Friday, September 24, 2010

A Better Name for Bad?

Readers beware! The rebranding of high fructose corn syrup is underway. The name supported by the corn industry is "corn sugar." Firstly, when the people who have the most to gain support something it could be hint of something less than objective. I can't find where a new name is necessary, in the first place. I think the renaming campaign is all about a new way to confuse consumers. Cynical? Perhaps.

Let's presume king corn won't get their desired name, so now what? The NY Times blog yesterday asked for help with a new name.
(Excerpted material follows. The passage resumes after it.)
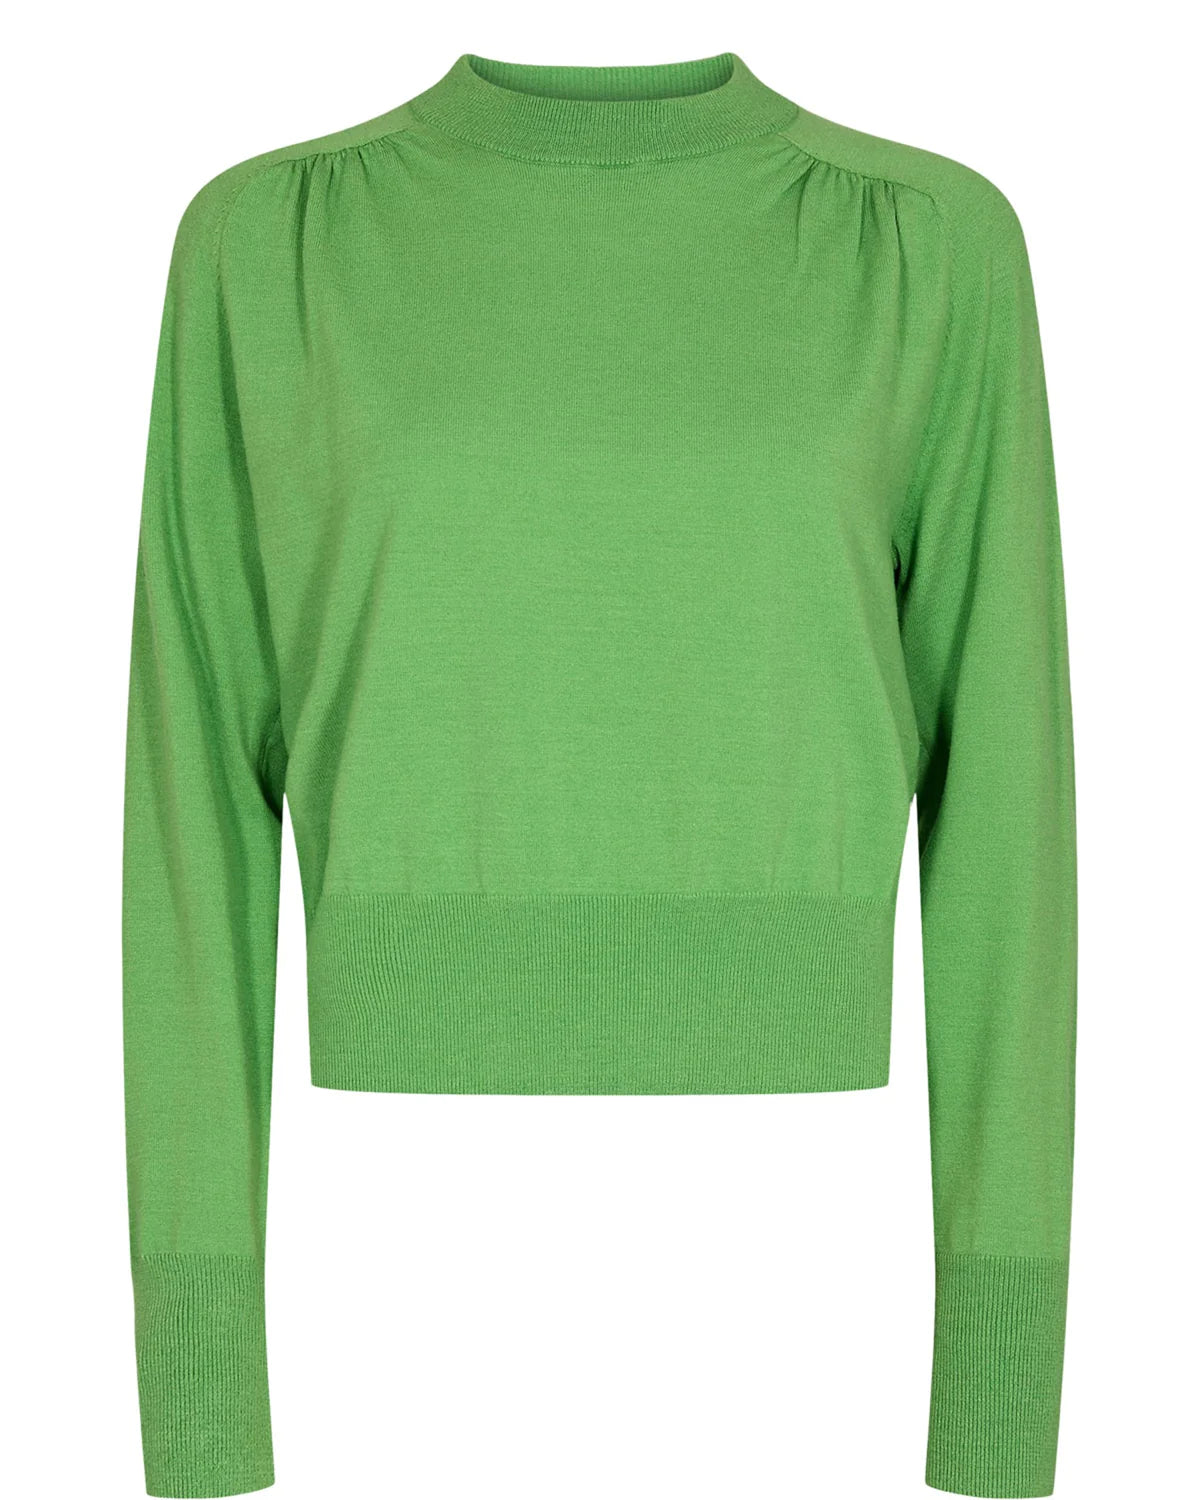 Nusila pullover - greenery

They asked some food experts who suggested:

  • Corn Glucose an Fructose Syrup (Marion Nestle)
  • Enzymatically Altered Corn Glucose (Michael Pollan)
  • Glucose-Fructose Corn Sweetener (Michael Jacobson)
  • Corn Sugar (Barry Popkin)
  • High Fructose Corn Syrup (Dr. Andrew Weil)
If you'd like to, you can suggest your own name and vote on the five choices using the blog link above. From this list, I like Michael Pollan's suggestion of EACG mostly because "enzymatically altered" simply sounds like something bad for you. And, I think we should simply require the label to say BAD. Anything processed or altered should be identified on the label by the three letters B-A-D. Realistically, it doesn't much matter what the substance comes from because few processed ingredients resemble their natural beginnings. And, BAD is very easy for consumers to understand. How powerful would it be if our food labels said (from our initial Manwich blog):

Tomato Puree (Water, Tomato Paste), BAD, Distilled Vinegar, BAD, Less than 2% of: BAD, BAD, Dehydrated Onions, Dehydrated Red and Green Bell Peppers, Chile Pepper, Tomato Fiber, BAD, BAD, BAD, Dehydrated Garlic, BAD, BAD.

Now that would be a pretty clear label.